It's a common understandable belief that during the KT era (Cretaceous-tertiary) 65 billion years ago, a great impact hit earth in the Yucatan Peninsula and over thousands of years, though climate change, wiped out the dinosaurs' habitat, then the animals themselves. There's so much more to it, as paleontologists and forensic anthropologists now know.
These were large creatures - they were allowed to grow that large on a planet that sustained them.
However they had no biodiversity - they were very inter-related and therefore, any virus would make easy leaps.
One was caused by a handy little killer called a nemotode which, when entering the body through water, is microscopic but grows in the gut to lengths as huge as the animal is.
One found in an Asian elephant grew to over 25' long. Imagine how big they became in dinos. They were painful and fatal.

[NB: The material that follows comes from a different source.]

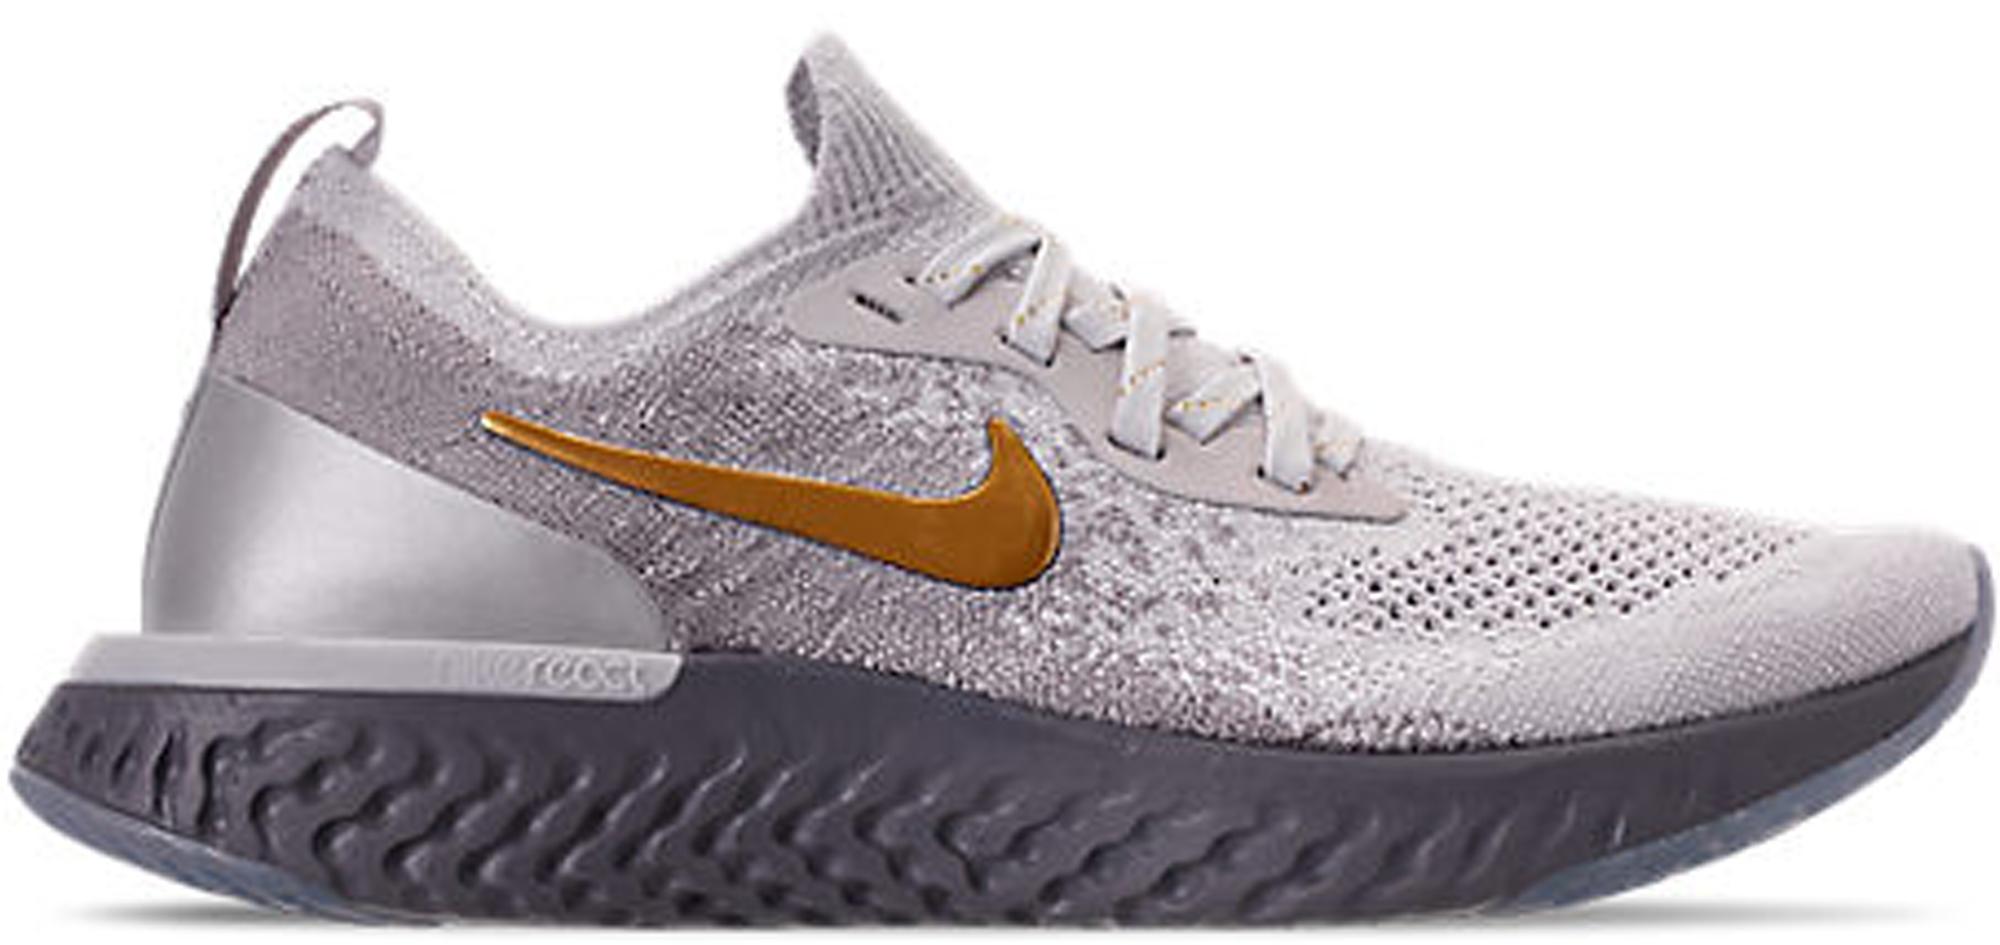 Nike Epic React Flyknit Vast Grey
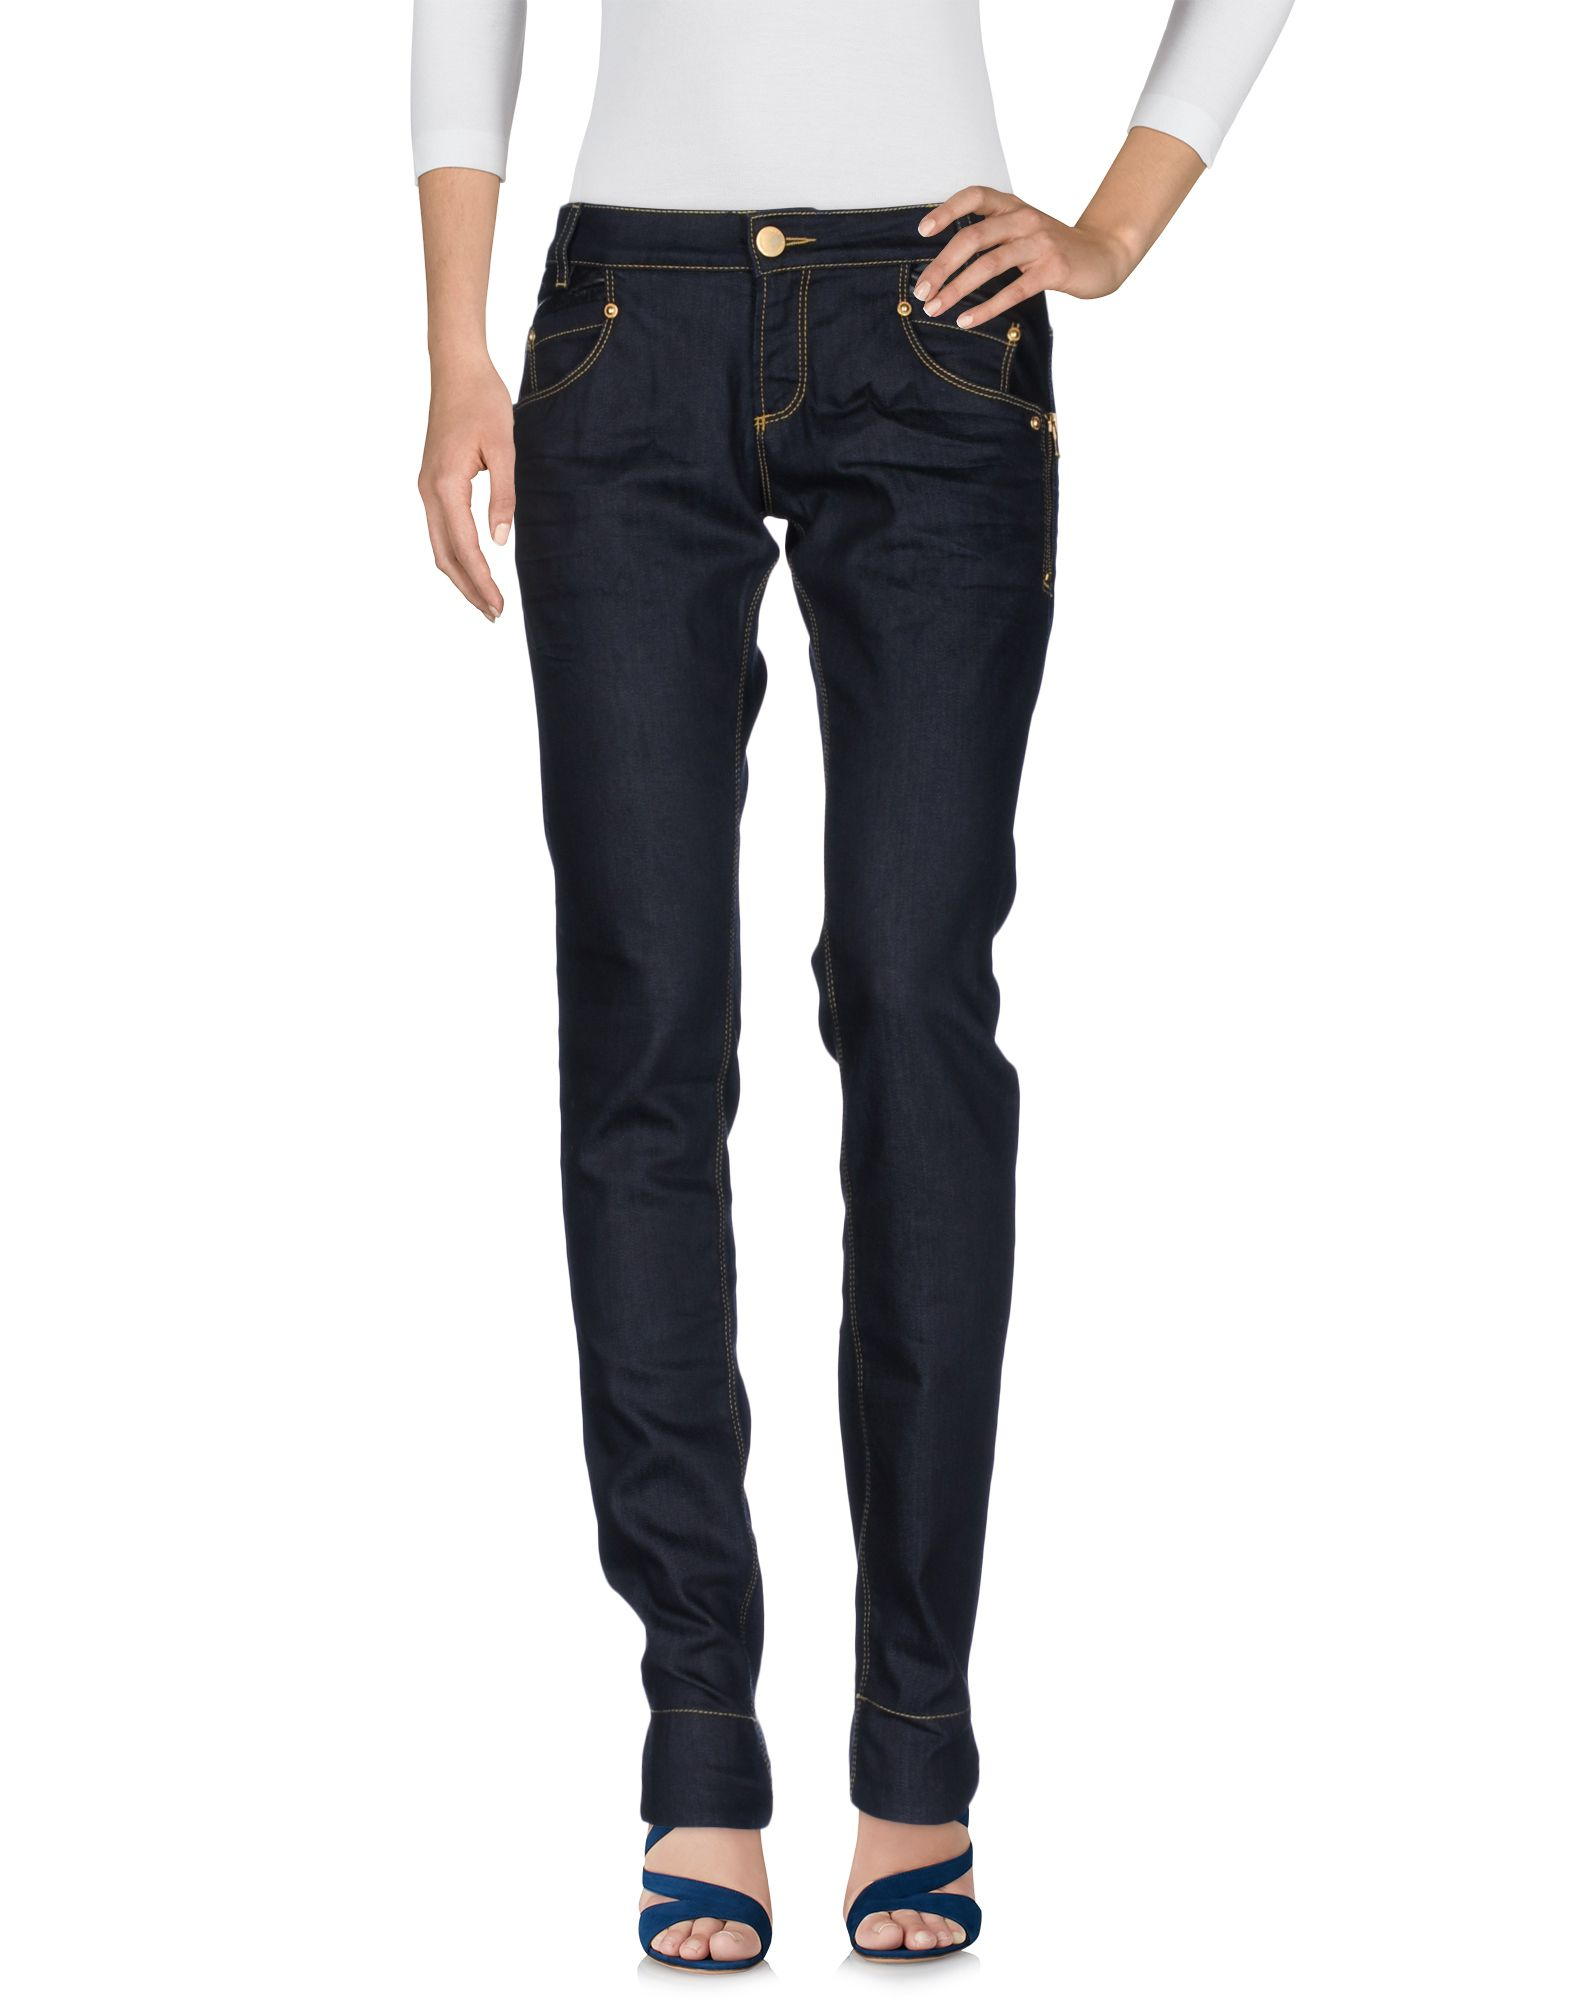 Pantaloni Jeans Pinko Donna - Acquista online su

Then you have the infamous sand fly. We see them today preserved in amber. This pesky creature had mandibles similar to steak knives which cut and sawed their way through the dino-skin and left infections and disease, besides stressing the animal. Again, because they were so related, what felled a Triceratops could also kill a Spinosaur or Stegosaur.
Earth was a very hostile volcanic world for the giants, too. They inhaled toxic fumes from constant eruptions, another culprit in reducing the populace.
1. Dinosaurs were in a weakened state due to viral infection and parasites such as leish-maniasis and nemotodes long before the asteroid hit.
2. They were also victimized by disease-carrying insects, mostly sandflies, which were rampant in that era and impossible to stop.
3. When the KT asteroid hit, it most likely found a planet of a small population of giant reptiles already dying out. This was just the coup-de-gras.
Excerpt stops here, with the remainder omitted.